Is it good practice to keep data as a member of model?
I think data and model should be independent.
However, I read some sample code which keep data as a private member of its model class, and its canFetchMore and fetchMore methods depend on that too, is that good practice?
class FileListModel : public QAbstractListModel
FileListModel(QObject *parent = 0);
int rowCount(const QModelIndex &parent = QModelIndex()) const; QVariant data(const QModelIndex &index, int role = Qt::DisplayRole) const;
void numberPopulated(int number);
void setDirPath(const QString &path);
bool canFetchMore(const QModelIndex &parent) const;
void fetchMore(const QModelIndex &parent);
In general: the answer is no.
You should think of QAbstractDataModel as only a standardized interface to your underlying data store (I avoid the word "model" here on purpose) that is used by your application.
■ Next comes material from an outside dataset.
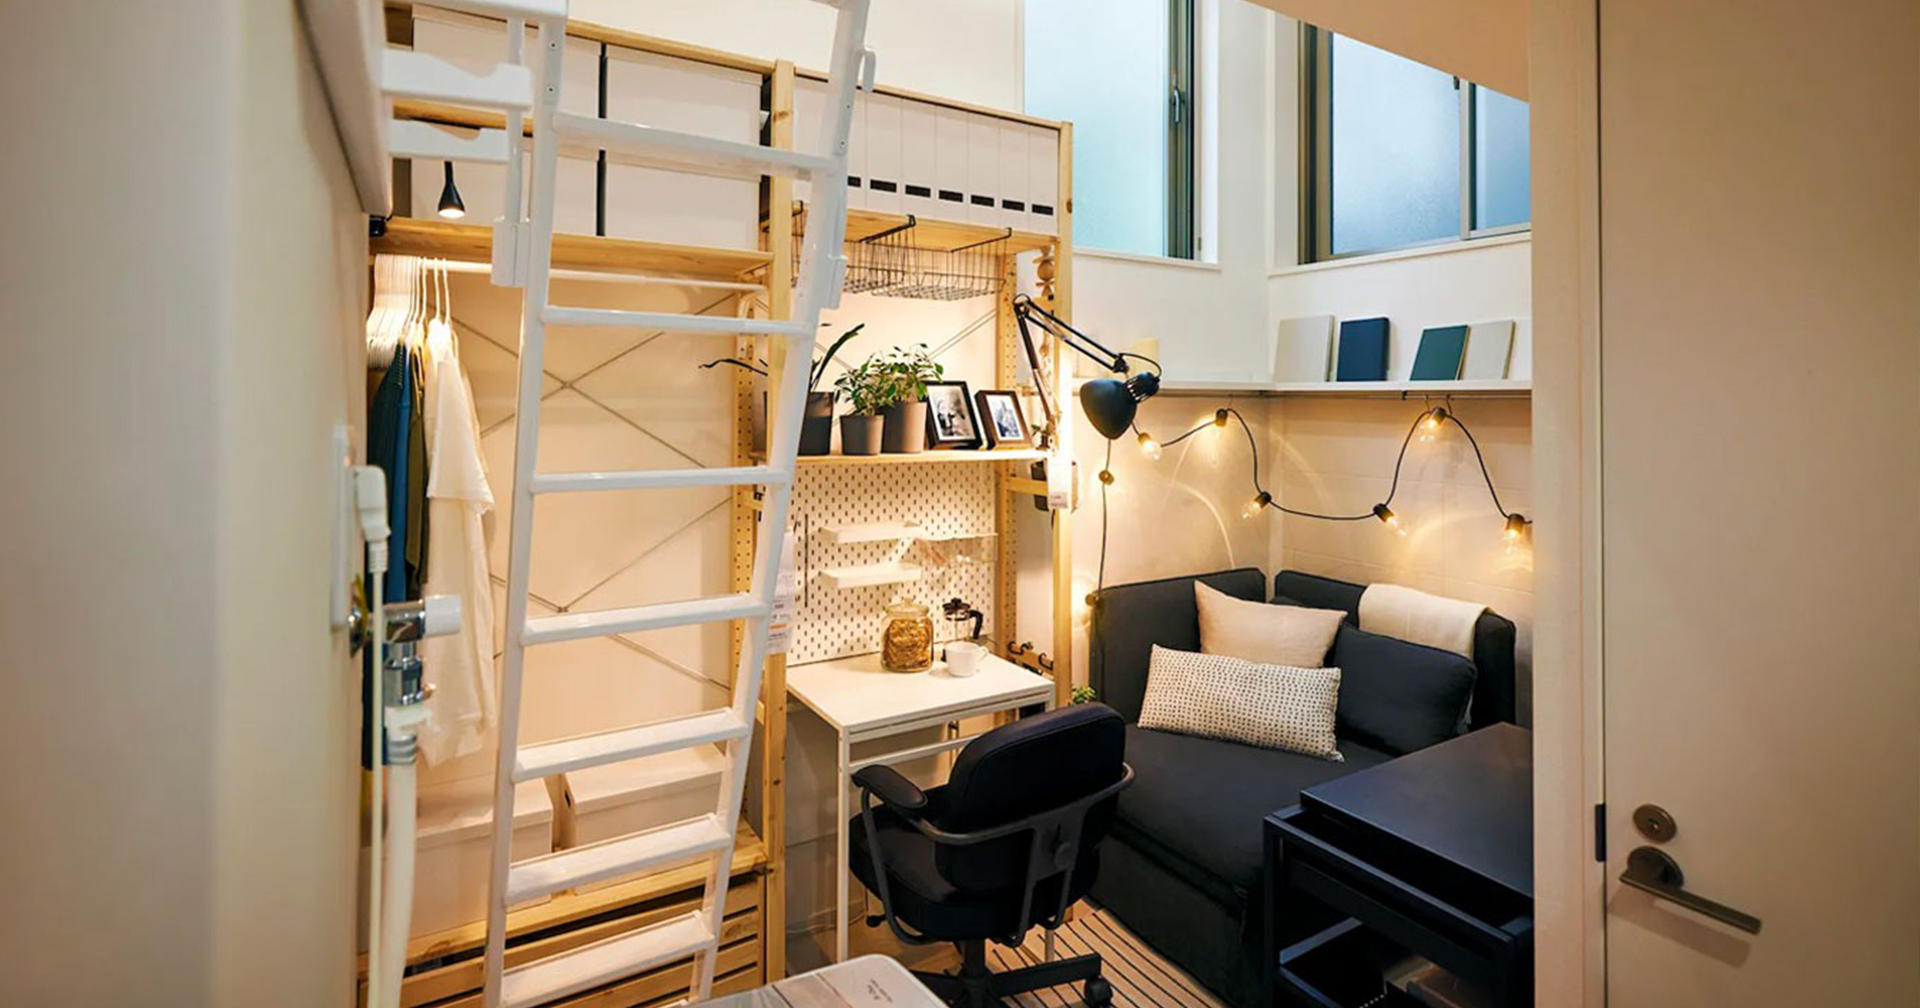 IKEA เปิดตัว ‘ห้องเช่า’ พร้อมอยู่ในโตเกียว ราคาเดือนละ 32 บาท

It is there only for the purpose of providing an interface so that item views may display data from your data store. In principle, the model should not expose API to manipulate the actual data other than through the QAIM interface.
See my "note":http://developer.qt.nokia.com/doc/qt-4.7/model-view-programming.html#note-13 in the Model view programming docs.
You can however add some caching to the model if the source data access is expensive. If that is the case, you could consider adding the caching to the actual source data as well. That approach is even supported by the submit() and revert() slots available in the model interface.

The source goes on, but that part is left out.